So I installed Tensorflow for Python 3.5 on my Laptop, which is a Windows machine hosting a Nvidia Geforce Pascal GPU. I also installed CUDA and downloaded cuDNN and added it to the PATH variables. My tensorflow code does compile, but if I monitor my GPU, I can see, it does not compute anything, instead my CPU is doing the whole work. I also get an output in console which confirms, that the GPU was detected:
2017-06-02 15:22:22.140283: W c:\tf_jenkins\home\workspace\release-win\device\gpu\os\windows\tensorflow\core\platform\cpu_feature_guard.cc:45] The TensorFlow library wasn't compiled to use SSE instructions, but these are available on your machine and could speed up CPU computations.
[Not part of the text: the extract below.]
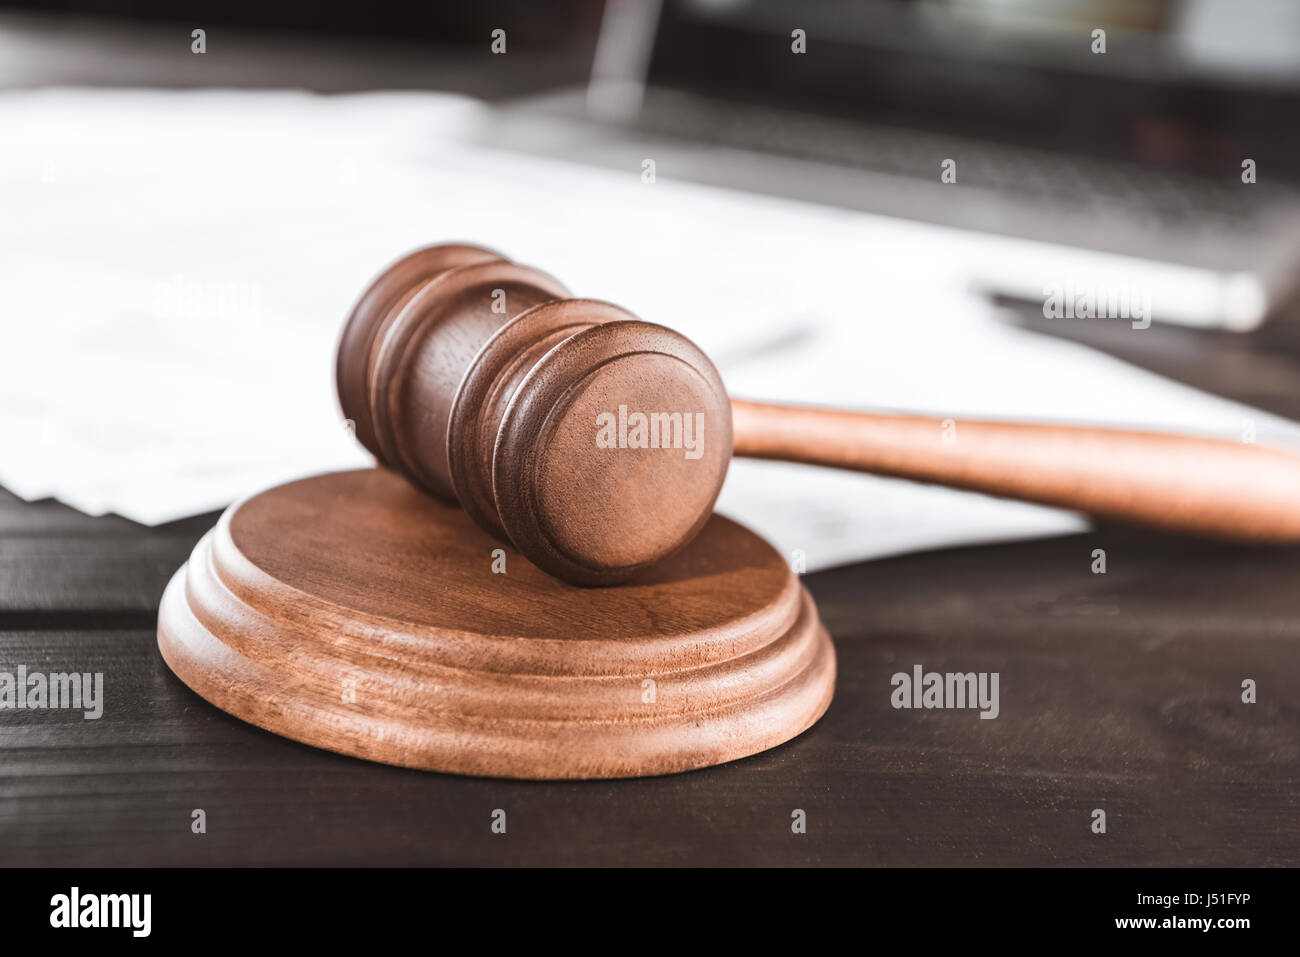 law concept. different objects of lawyer Stock Photo

2017-06-02 15:22:22.140600: W c:\tf_jenkins\home\workspace\release-win\device\gpu\os\windows\tensorflow\core\platform\cpu_feature_guard.cc:45] The TensorFlow library wasn't compiled to use SSE2 instructions, but these are available on your machine and could speed up CPU computations.
2017-06-02 15:22:22.140899: W c:\tf_jenkins\home\workspace\release-win\device\gpu\os\windows\tensorflow\core\platform\cpu_feature_guard.cc:45] The TensorFlow library wasn't compiled to use SSE3 instructions, but these are available on your machine and could speed up CPU computations.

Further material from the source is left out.